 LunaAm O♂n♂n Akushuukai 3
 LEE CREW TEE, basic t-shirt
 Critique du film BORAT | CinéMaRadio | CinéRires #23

========================================

Look above for the line containing "LEE CREW TEE, basic t-shirt". Return it and each line after it exactly, through the last line, and nothing more.

 LEE CREW TEE, basic t-shirt
 Critique du film BORAT | CinéMaRadio | CinéRires #23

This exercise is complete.